Social systems can be variable when food is inconsistent or unpredictable [1, 26]. While the intertidal zone can contain high food availability, territoriality is unlikely in the cobble fields due to the unpredictability of marine subsidies, which lowers the net benefit of defending food resources [7, 42] but does not preclude a stable dominance system controlling access to food in the cobble fields. In our population of M. atacamensis, larger individuals engaged in more repeat interactions (i.e., higher strength) and won more of their encounters, indicating that body size could form the basis of a dominance hierarchy. Body size can be important in determining which individuals access, acquire, or defend resources [6, 43, 44]. Larger M. atacamensis might have higher resource holding potential and be better able to defend small, high-quality, food areas that frequently change location within the cobble fields. Defending or controlling entry to small areas in the intertidal zone can occur as food density and competitor abundance changes, as when Sanderlings (Calidris alba) adjust their territorial defense with shifting feeding sites [45]. Despite not finding evidence of linear dominance (via Landau’s index) in our population, the timeframe of our study could have influenced our ability to detect a dominance hierarchy (days vs. months [46]). The extent to which dominance relationships form can be appraised by more intensive data sampling. Additionally, future investigations into the characteristics associated with resource holding potential and whether individuals defend small areas in the cobble fields, as well as the extent to which food abundance and locations shift is merited.

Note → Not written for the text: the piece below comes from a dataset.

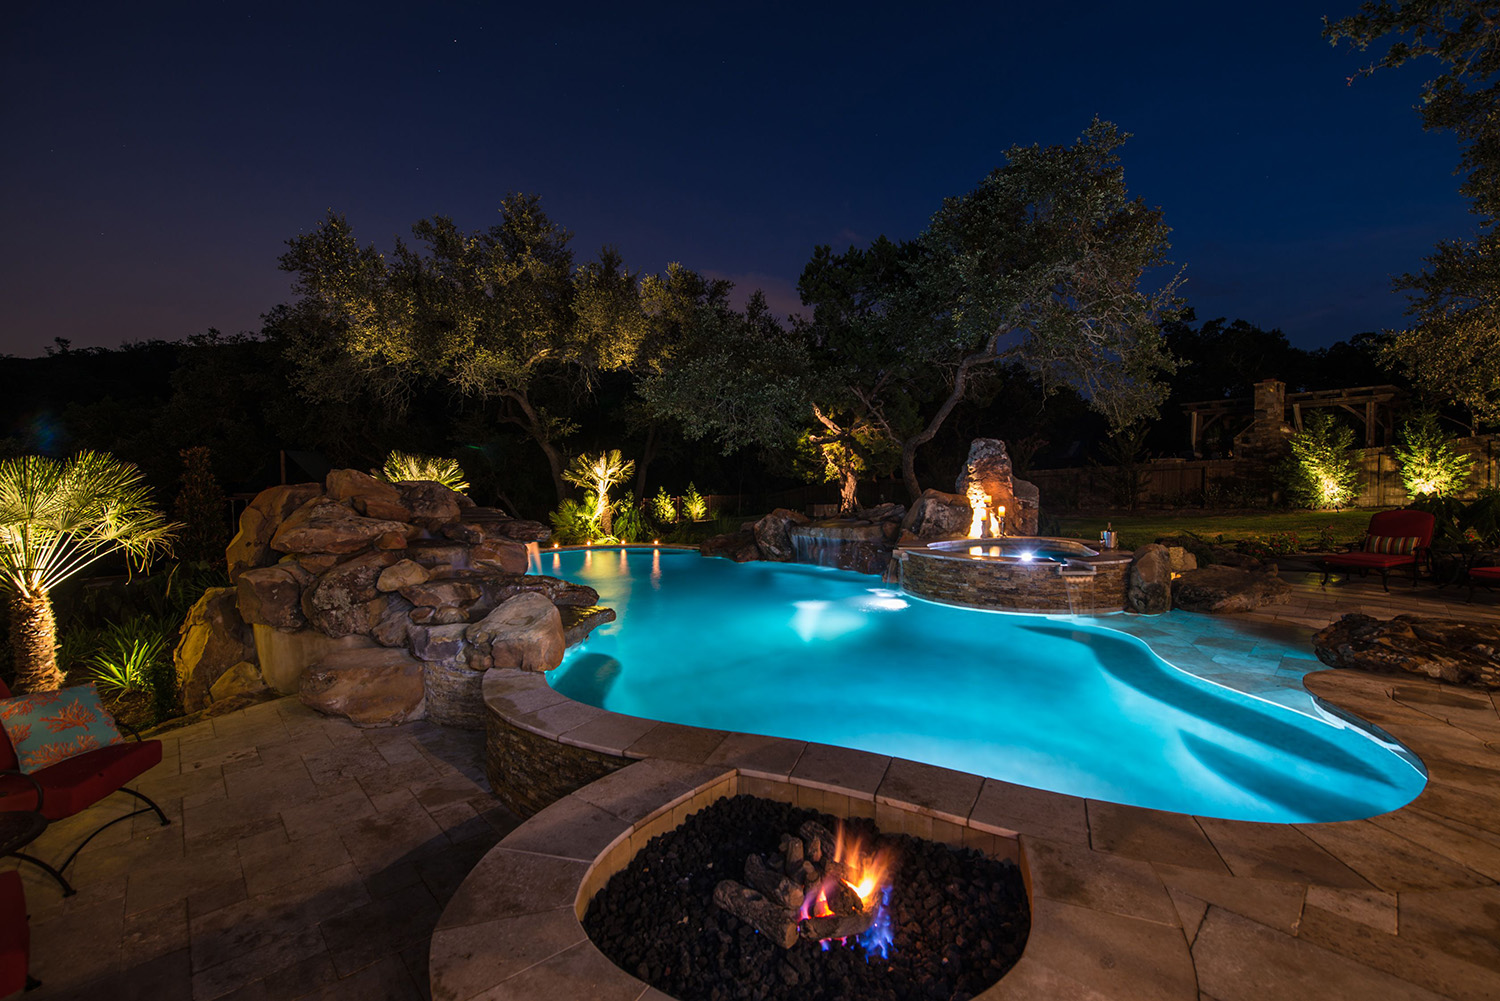 Pool and Spa Construction services with Infinity Pools of Texas.

Most lizards did not interact with the same associates on both large rocks and in the cobble field (Table 6), indicating the importance of habitat-specific interactions (i.e., cobble field or large rocks). When comparing habitat-specific networks, most social links occurred in the cobble field. Further, males were more socially engaged (i.e., higher degree and strength) in the cobble fields than on large rocks, while females interacted similarly in both habitats. Although not quantified, we often observed larger male lizards displaying from high points in the cobble field and seeming to control which individuals accessed the splash zone [pers. obs.]. More elevated display locations are often associated with greater dominance as they can could enhance effective communication distance by providing greater visibility [20, 47].

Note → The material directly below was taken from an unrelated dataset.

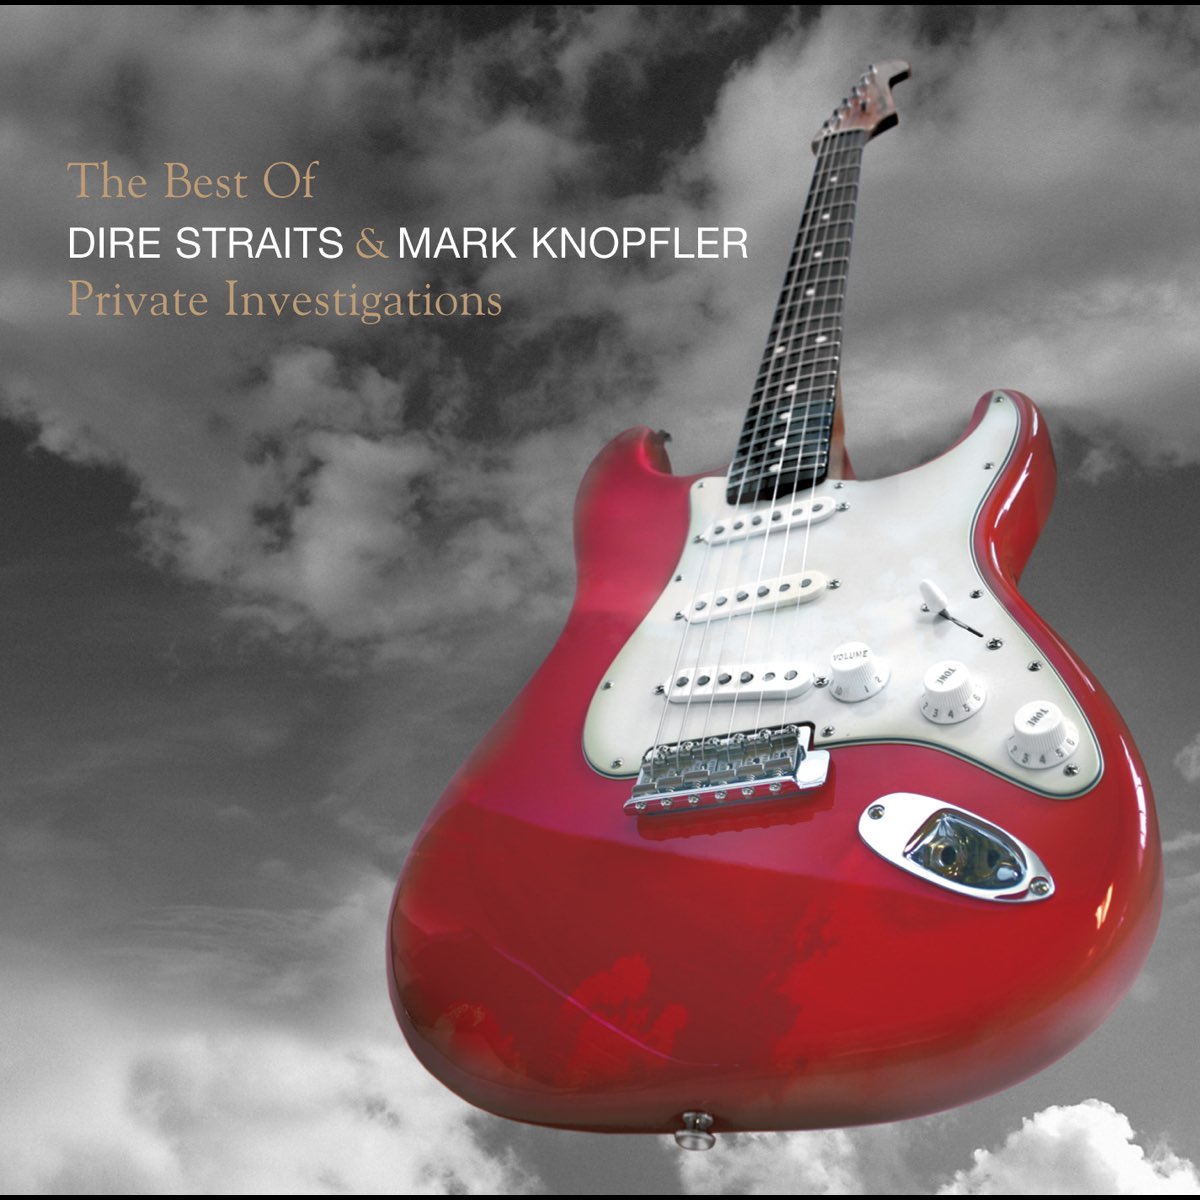 Рок Mercury Mark, Knopfler, Dire Straits - Private Investigations - The Best Of (Limited Red Vinyl 2LP)

In terms of social links, same sex and intersex social links were similar to random expectations in the cobble field (Table 6), supporting the idea that males and females use the cobble fields in similar ways. However, overall male-male aggressive and male-female non-aggressive interactions were most common (Table 4). Male-male aggression is common when there is competition for resources [48], while male-female associations involving spatial proximity could be a way of strengthening reproductive pairs or alliances. In the Australian sleepy lizard, Tiliqua rugosa, long-term male-female associations increase reproductive success [8]. Ultimately, the high frequency of male-male and male-female interactions indicates the importance of male competition and opposite sex cooperative or tolerant associations in shaping the social system.
Social Organization
Our prediction that social organization, reflected by patterns of space use and overlap, would vary with habitat was supported. Lizards exhibited relatively high home range overlap, primarily in the cobble fields rather than on large rocks (Fig. 5). Core areas overlapped much less, tended to be exclusive, and were more dispersed across the two habitat types than home ranges (Fig. 5). Overall, the cobble fields were areas of high use, as indicated by high home range overlap, whereas the large rocks were isolated areas where M. atacamensis spent a majority of their time, as evidenced by low core area overlap. The resource dispersion hypothesis asserts that when resources are distributed unevenly, larger areas are needed by individuals to encompass the variation in necessary resources across the habitat [10], which could explain M. atacamensis space use. Home ranges are necessarily large to access food in the cobble fields, while also covering enough area that individuals can maintain exclusive core areas on the large rocks for refuge and basking. The low overlap in core areas provides circumstantial support for the notion that M. atacamensis could be territorial on the large rocks. We hypothesize that their core areas function as refuge and basking locations, but quantifying specific microhabitat use was beyond our scope. Future research could test the hypothesis and assess the extent of competition for specific rock features.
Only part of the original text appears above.